Exam - 4 Flashcards
You work for a global shipping company. You want to train a model on 40 TB of data to predict which ships in each geographic region are likely to cause delivery delays on any given day. The model will be based on multiple attributes collected from multiple sources. Telemetry data, including location in GeoJSON format, will be pulled from each ship and loaded every hour. You want to have a dashboard that shows how many and which ships are likely to cause delays within a region. You want to use a storage solution that has native functionality for prediction and geospatial processing. Which storage solution should you use?
A. BigQuery
B. Cloud Bigtable
C. Cloud Datastore
D. Cloud SQL for PostgreSQL
A. BigQuery
You are planning to migrate your current on-premises Apache Hadoop deployment to the cloud. You need to ensure that the deployment is as fault-tolerant and cost-effective as possible for long-running batch jobs. You want to use a managed service. What should you do?

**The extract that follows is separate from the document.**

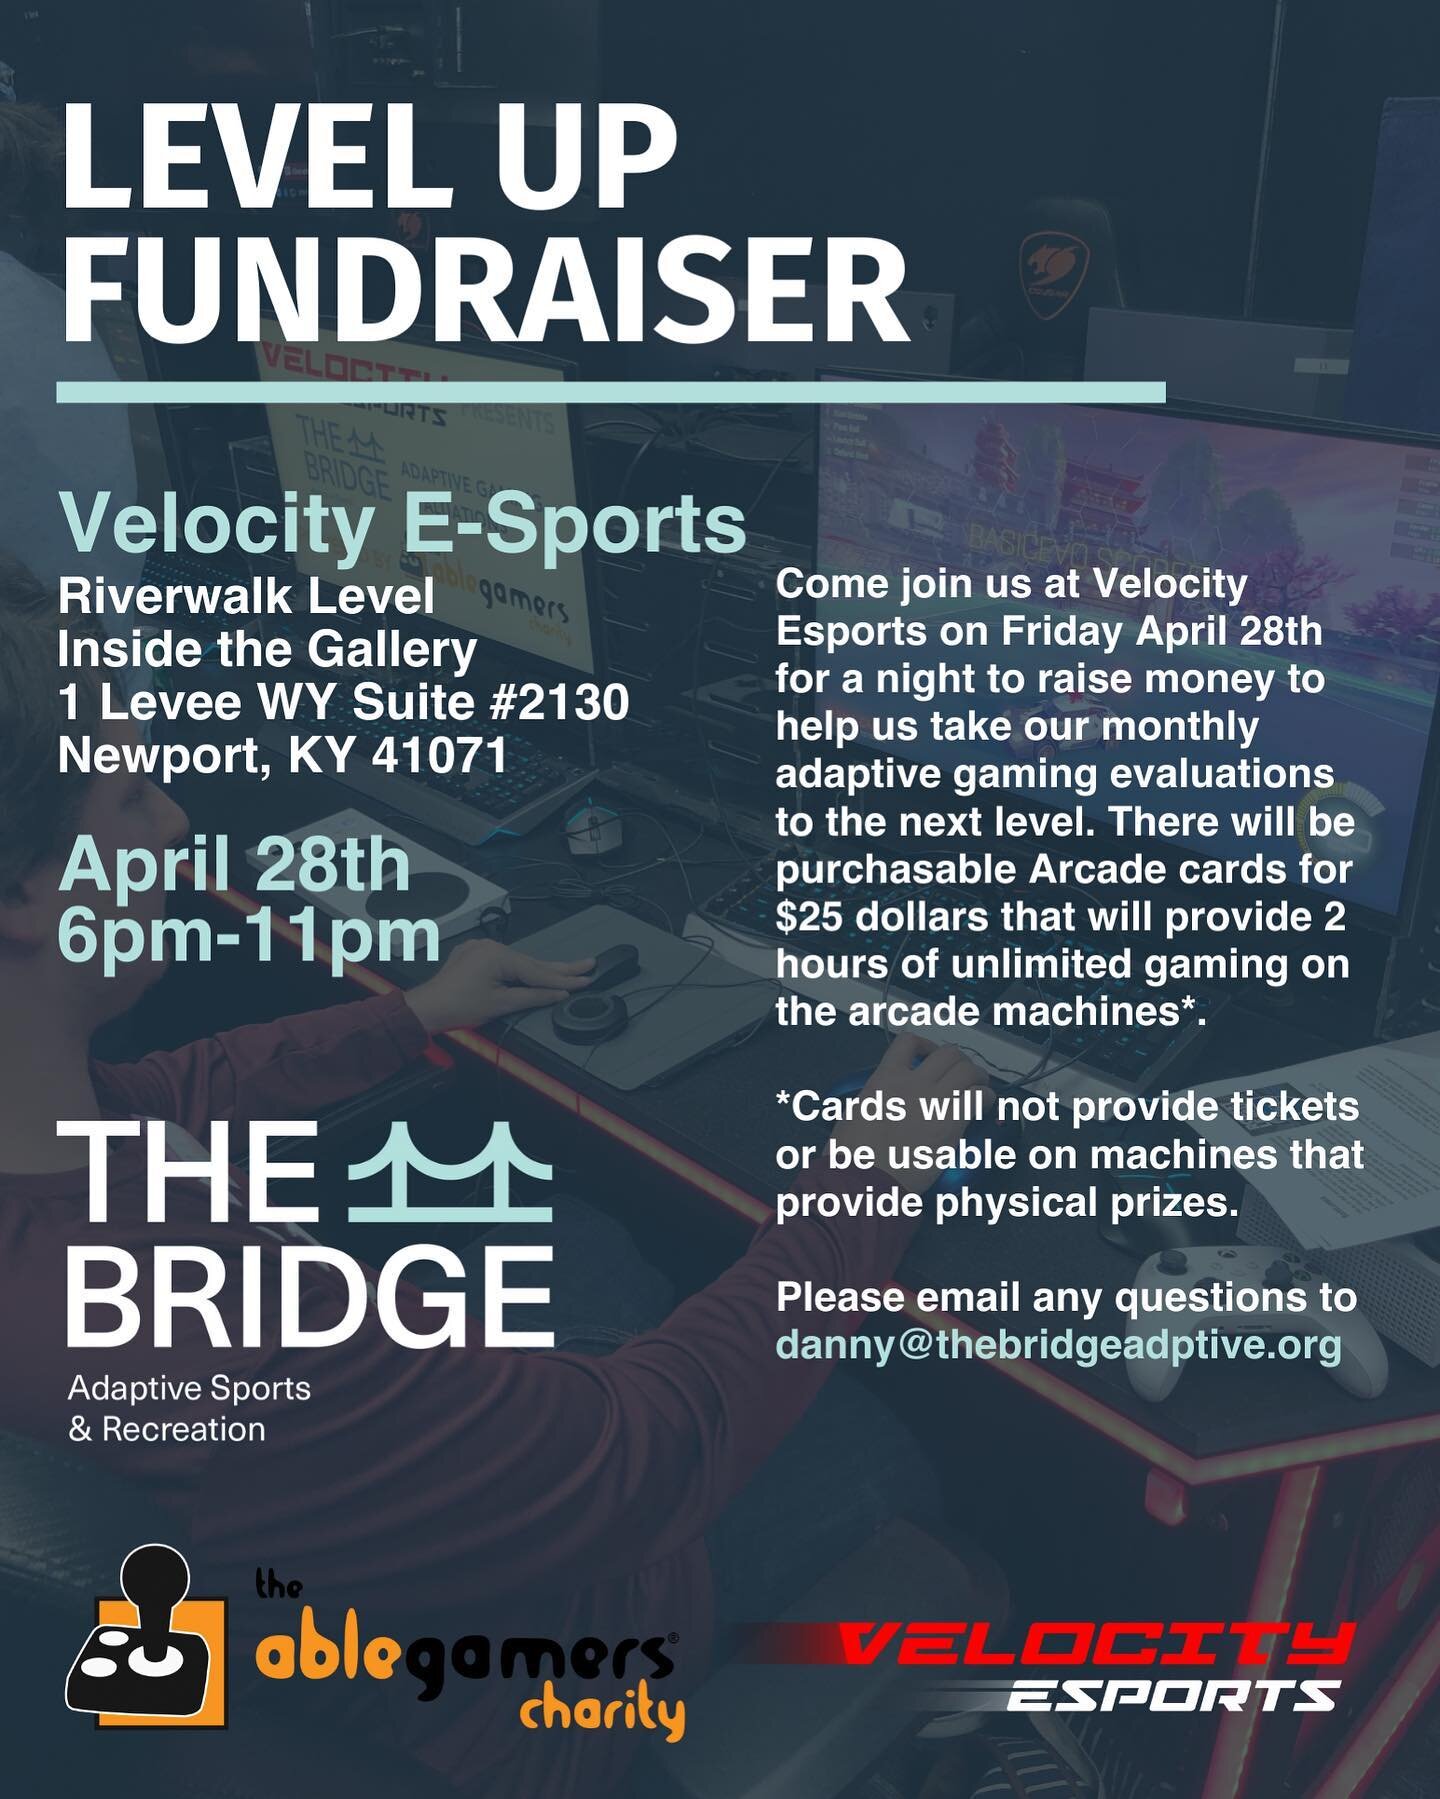 Don&rsquo;t miss out on a night filled with unlimited gaming, all for charity! Join us at @velocityesportsinc tomorrow night to help fundraise for the @thebridgeadaptive organization so we can raise money for the local adaptive gaming program! Hope t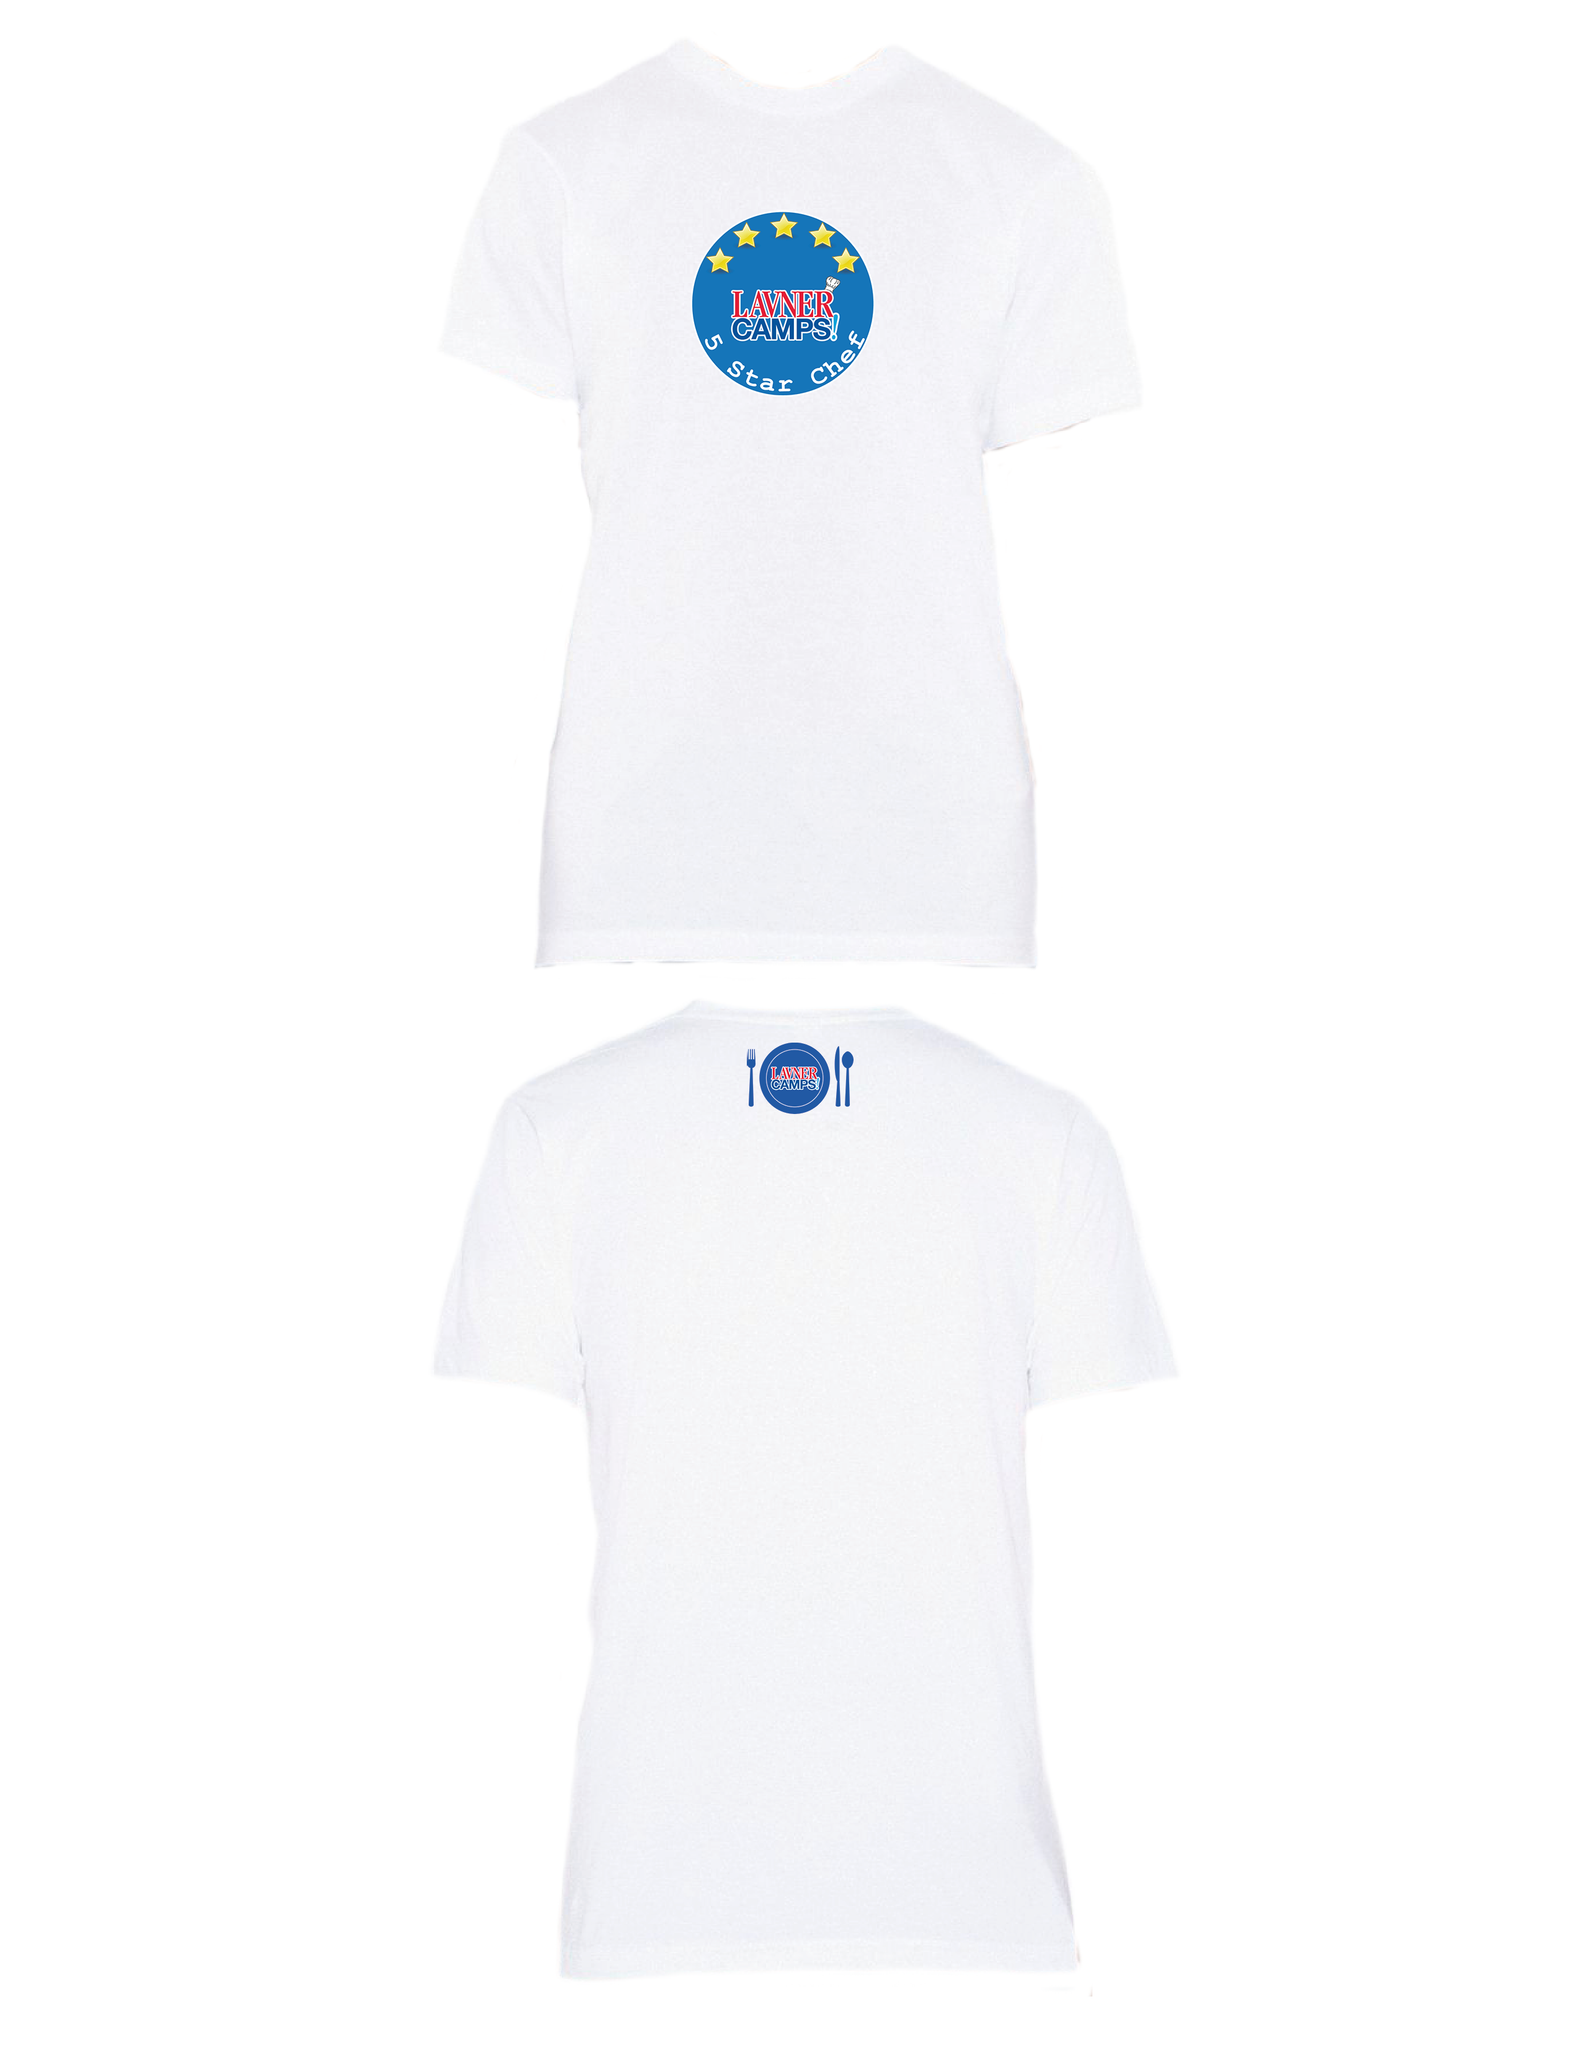 5 Star Chef T-Shirt (Youth)

A. Deploy a Cloud Dataproc cluster. Use a standard persistent disk and 50% preemptible workers. Store data in Cloud Storage, and change references in scripts from hdfs:// to gs://
B. Deploy a Cloud Dataproc cluster. Use an SSD persistent disk and 50% preemptible workers. Store data in Cloud Storage, and change references in scripts from hdfs:// to gs://
C. Install Hadoop and Spark on a 10-node Compute Engine instance group with standard instances. Install the Cloud Storage connector, and store the data in Cloud Storage. Change references in scripts from hdfs:// to gs://
D. Install Hadoop and Spark on a 10-node Compute Engine instance group with preemptible instances. Store data in HDFS. Change references in scripts from hdfs:// to gs://
A. Deploy a Cloud Dataproc cluster. Use a standard persistent disk and 50% preemptible workers. Store data in Cloud Storage, and change references in scripts from hdfs:// to gs://
Reason: Dataproc is managed serviced. Standard PD is cheaper than SSD
You work for a mid-sized enterprise that needs to move its operational system transaction data from an on-premises database to GCP. The database is about 20
TB in size. Which database should you choose?
A. Cloud SQL
B. Cloud Bigtable
C. Cloud Spanner
D. Cloud Datastore
A. Cloud SQL
Reason: CloudSQL limit 64TB
You need to deploy additional dependencies to all of a Cloud Dataproc cluster at startup using an existing initialization action. Company security policies require that Cloud Dataproc nodes do not have access to the Internet so public initialization actions cannot fetch resources. What should you do?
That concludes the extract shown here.